К счастью Браскасу, на публичном разбирательстве этого дела, в нем оказался скомпрометированным дядя префекта, очень уважаемый всеми старик. Телеграфировали об этом министру юстиции, и тот ответил шифрованной депешей:

«Прекратите дело». Однако, организатора этих венских вечеров попросили выехать из города и даже из Франции. Минюх и Филуз проводили его до заставы, со слезами на глазах. Он уехал в Испанию, вспомнив об одном из своих друзей — торговом агенте, который, обанкротившись, открыл банкирскую контору в Пампелуне. Он надеялся на помощь этого друга: у каждого свои иллюзии. Взяв билет на поезд он сказал: «у меня нет более ни гроша»; и он попросил луидор у Минюха, но тот, как нарочно, забыл взять с собою свое портмоне; Филуз, рыдая, отдал Браскасу два франка.

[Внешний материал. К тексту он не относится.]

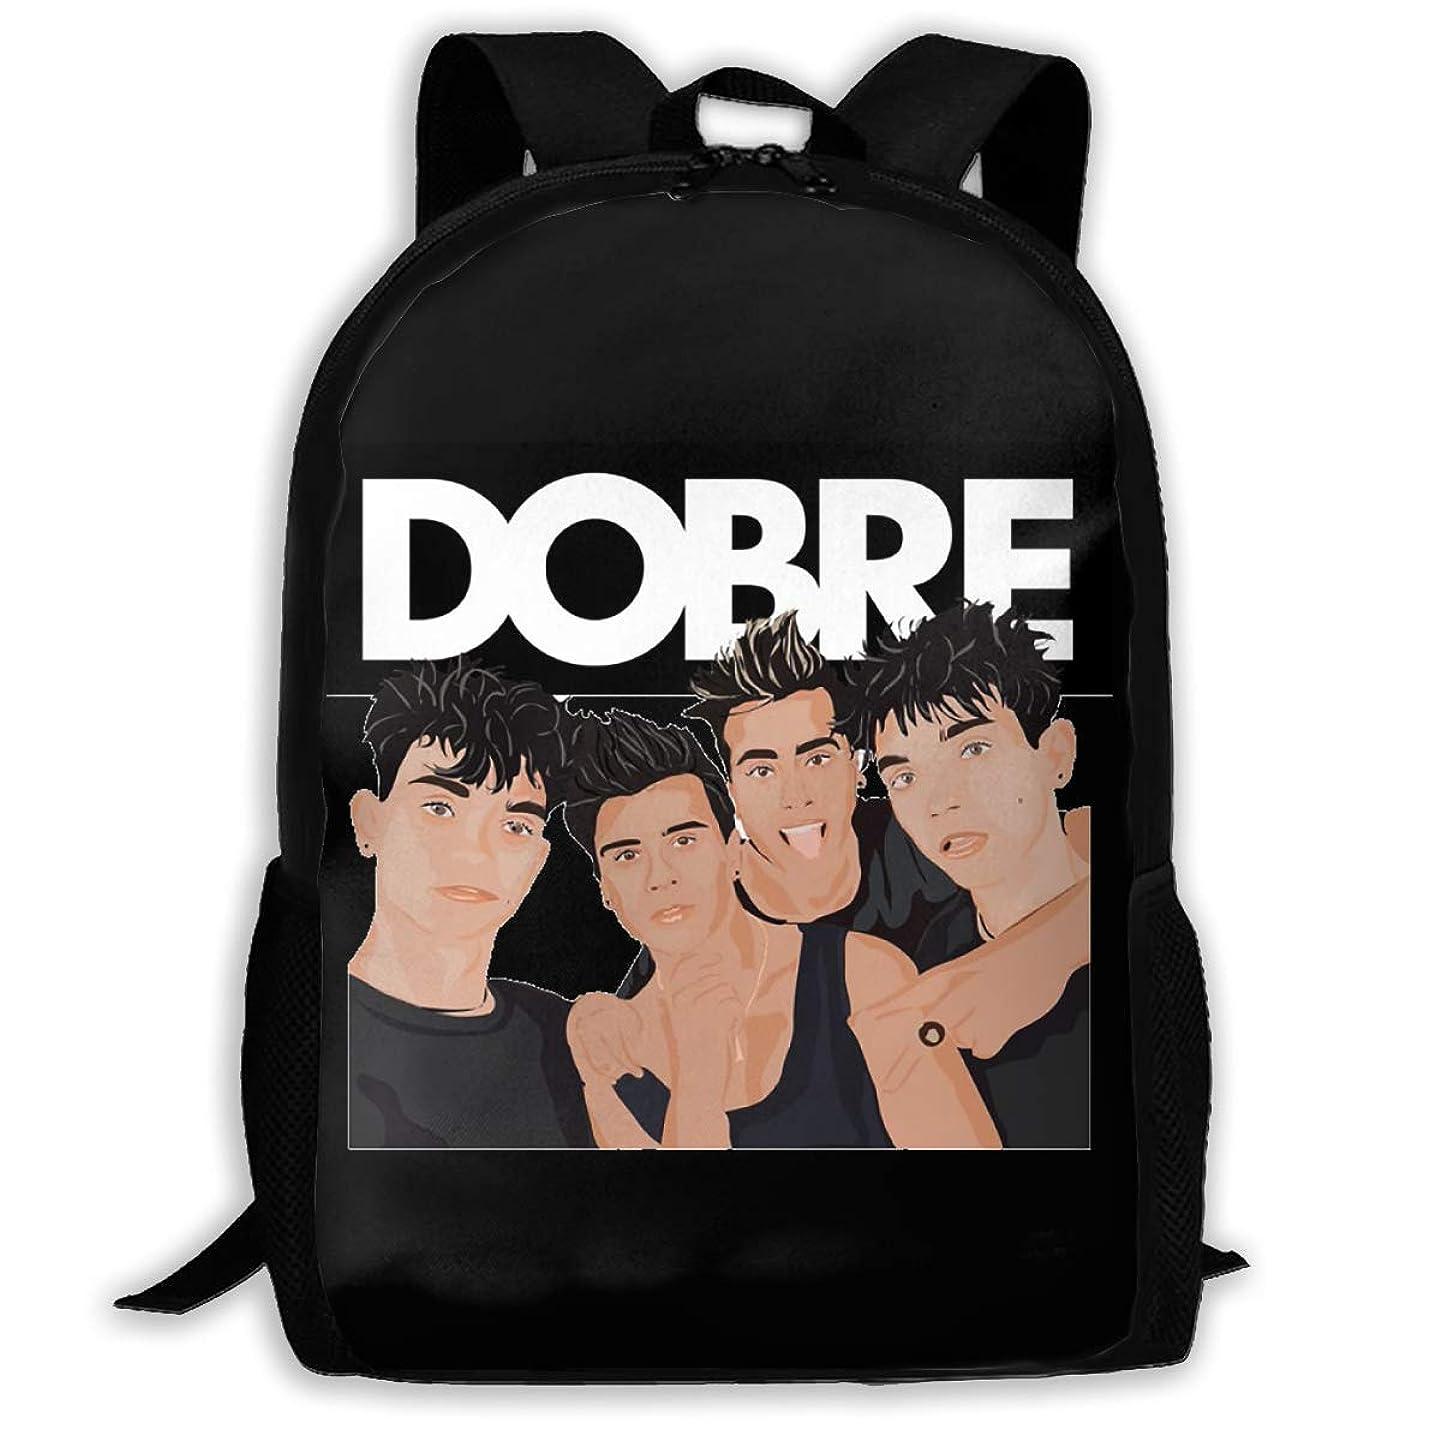 Sunmoonet Backpack for Men Women,Dobre Brothers Backpacks Hiking Laptop Backpack Travel Large Shoulder Bags for School Shopping Outdoor Sports

— По крайней мере, ты купишь себе табаку, ла! ла! ла!

В Пампелуне, изгнанник не нашел своего друга: банкрот был обвинен, как фальшивомонетчик.

— Проклятье! — вскричал Браскасу, узнав об этом, — неужели же я должен околеть с голоду?

Он обманул Минюха и Филузо: у него еще было двести франков, но этого было очень мало. И он стал ходить по городу, всматриваясь, вслушиваясь, стараясь подметить в этих незнакомых еще ему нравах жителей возможность какого-либо промысла для себя. Он был теперь в таком положении, при котором человек не брезгует ни чем, жертвуя даже честью. Но Пампелуна носит на себе отпечаток замкнутости, суровости и почти враждебности. Мрачные, темно-серые фасады домов с вечно спущенными жалюзи на окнах; двери отворяются редко и быстро захлопываются; всюду заметно желание отказать в приеме и даже решимость оттолкнуть от себя. Он шел наудачу, озабоченный.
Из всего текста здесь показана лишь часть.